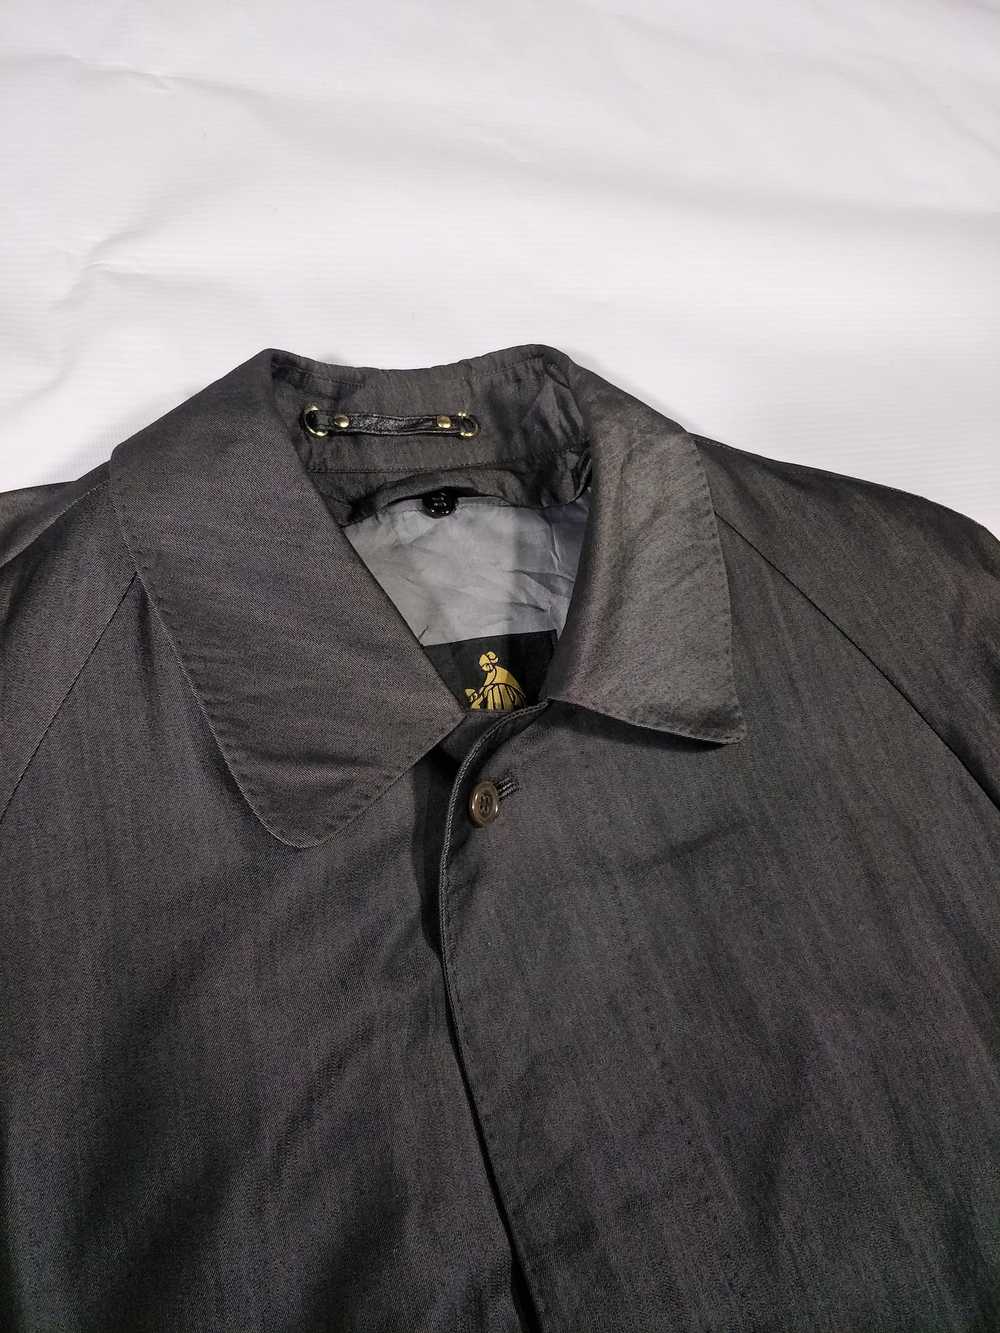 Lanvin Lanvin Full Length Coat Dark Gray Vintage - image 5
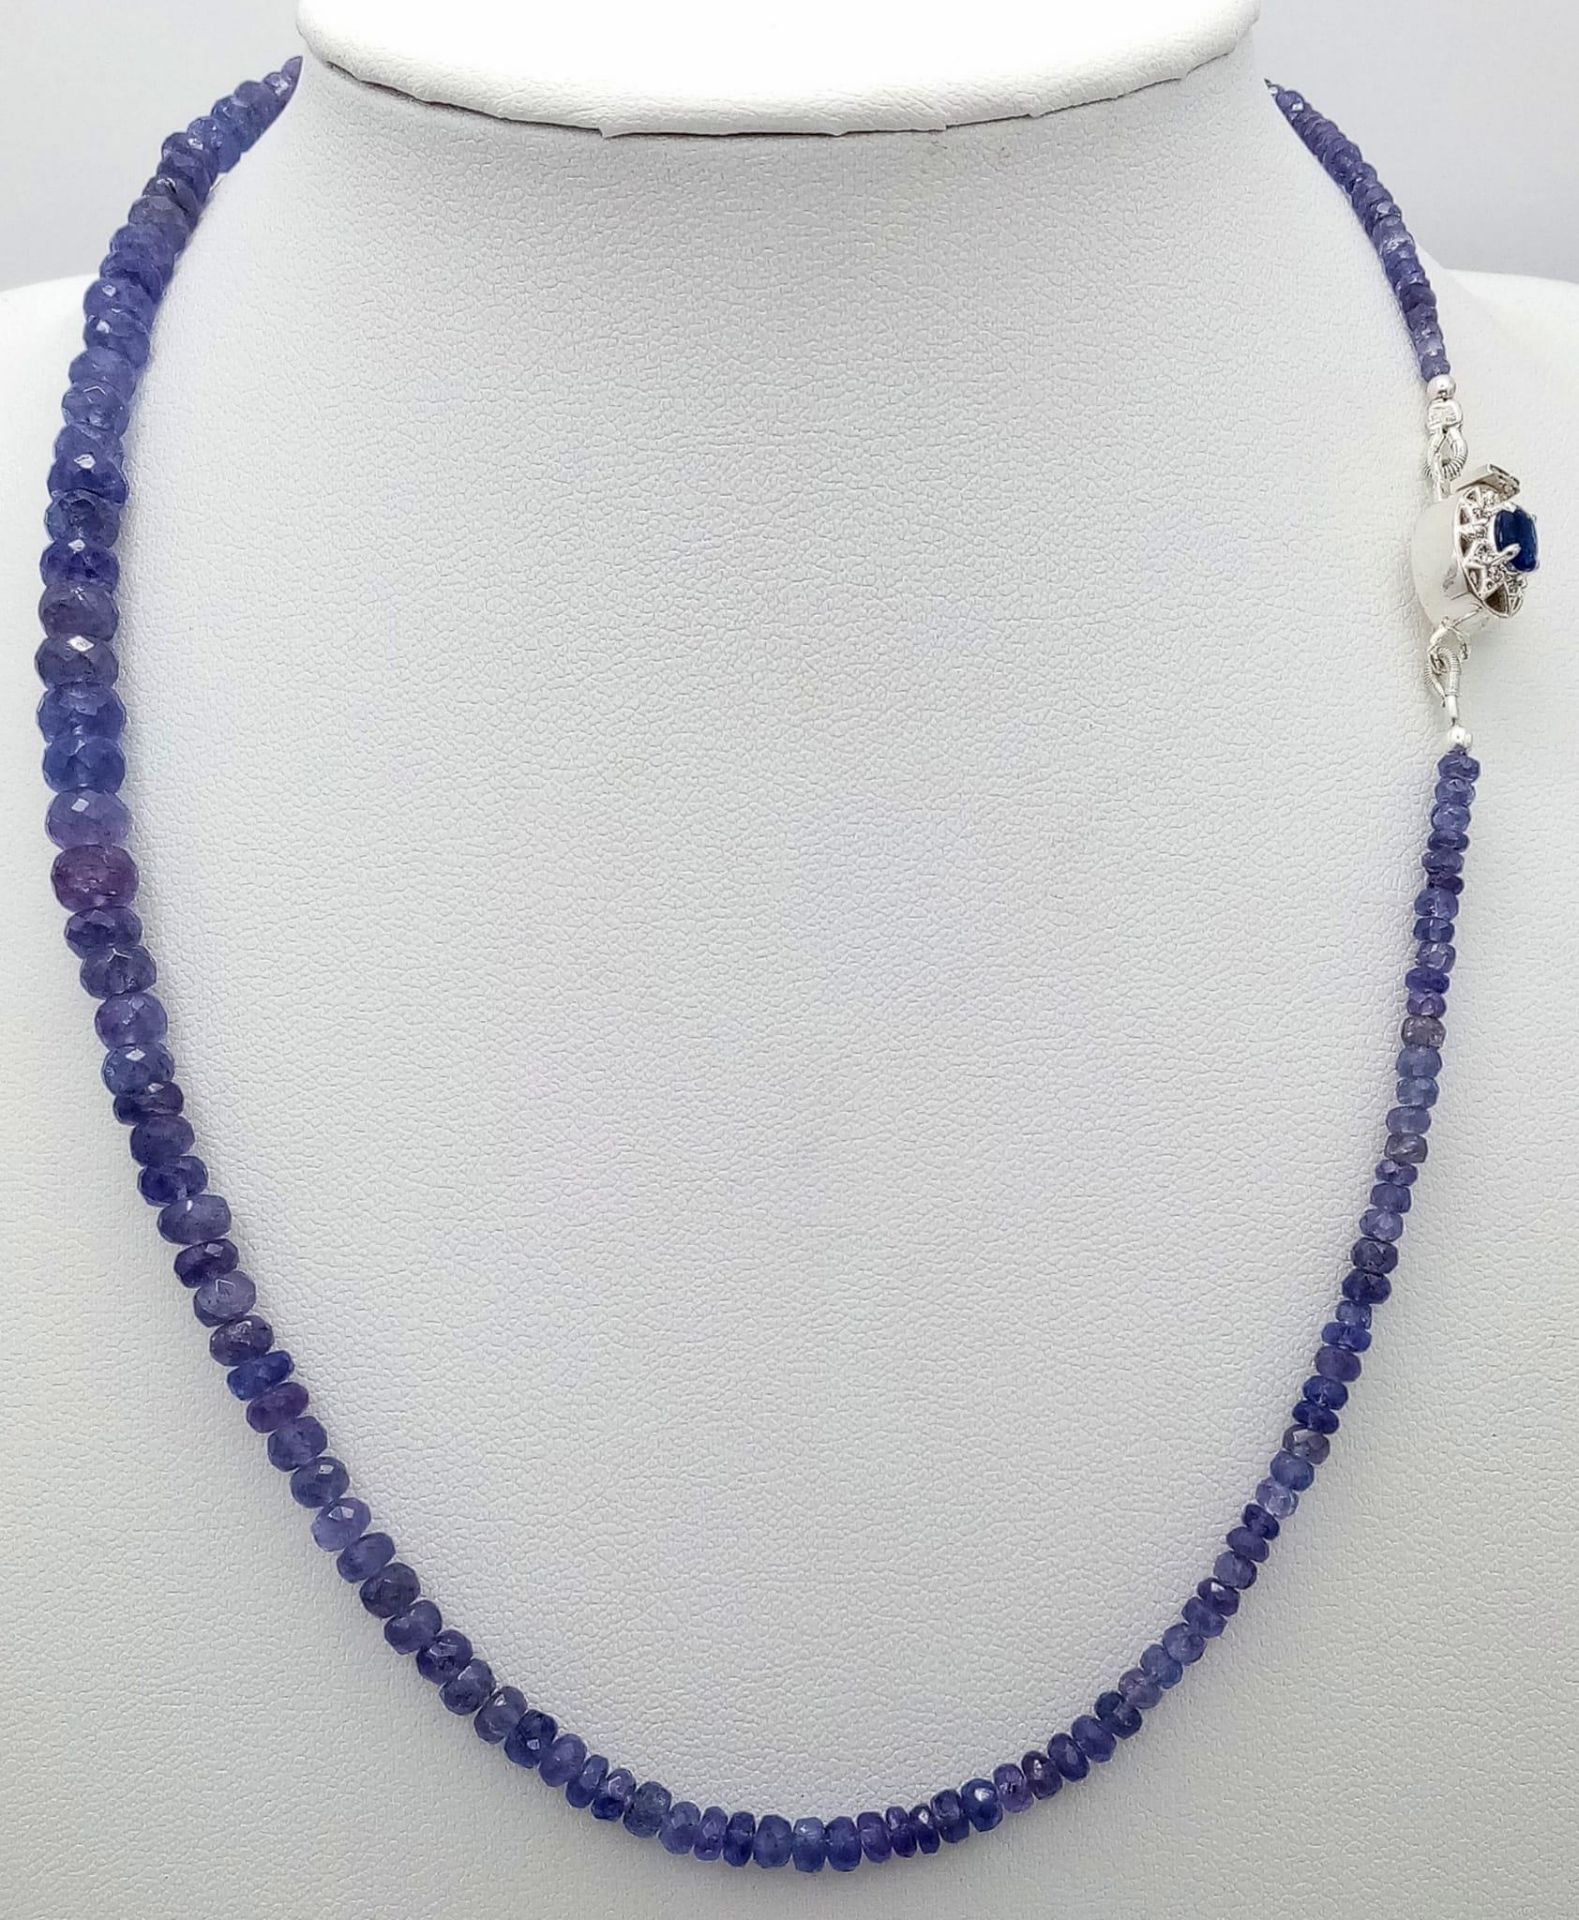 A 75ctw Tanzanite Gemstone Single Strand Necklace with Sapphire and Diamond Clasp. 42cm length.
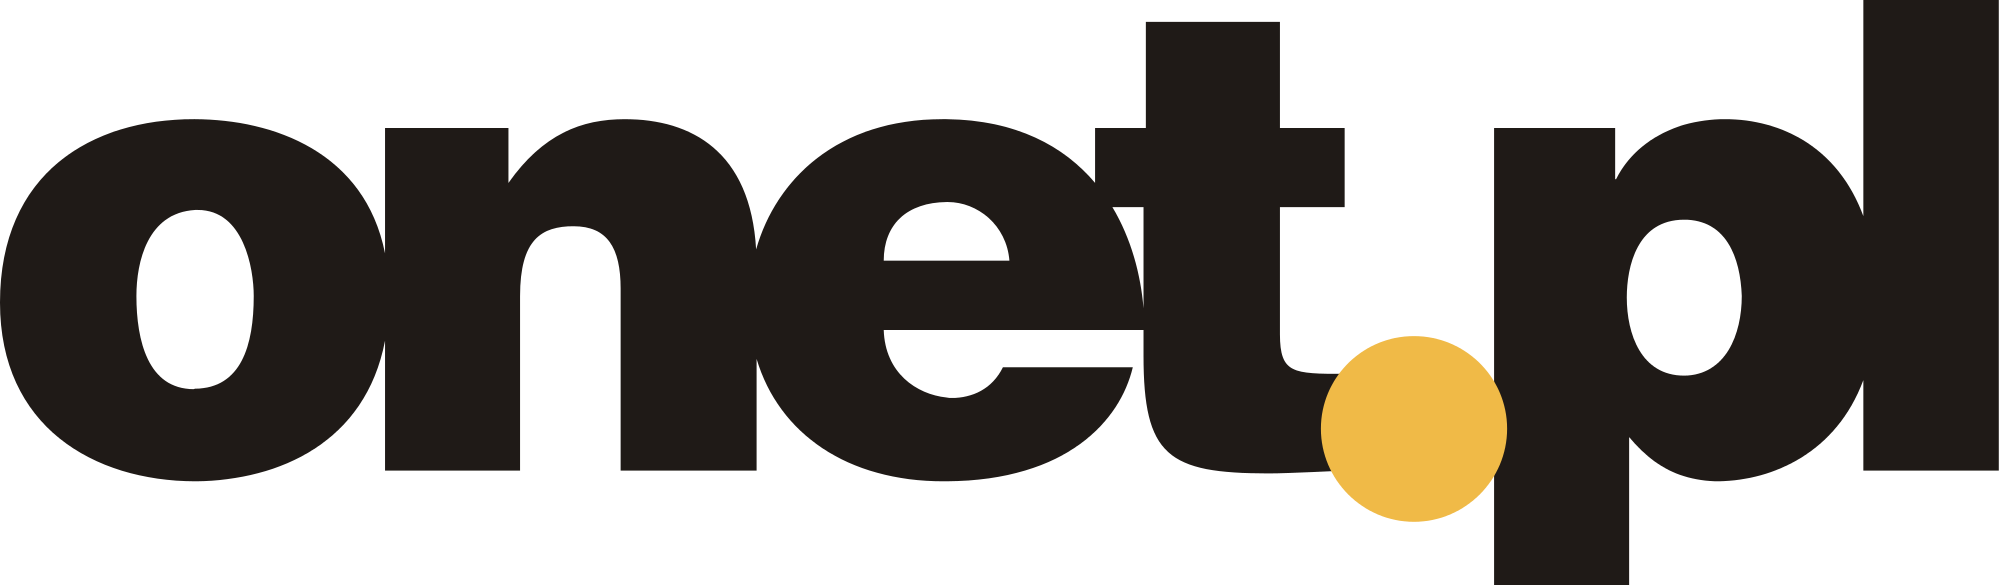 Onet.pl Logo

Work item>
Return the full listing exactly as it appears above, without its pictures.

Answer to this problem>
 Lanvin Lanvin Full Length Coat Dark Gray Vintage - image 5
 A 75ctw Tanzanite Gemstone Single Strand Necklace with Sapphire and Diamond Clasp. 42cm length.
 Onet.pl Logo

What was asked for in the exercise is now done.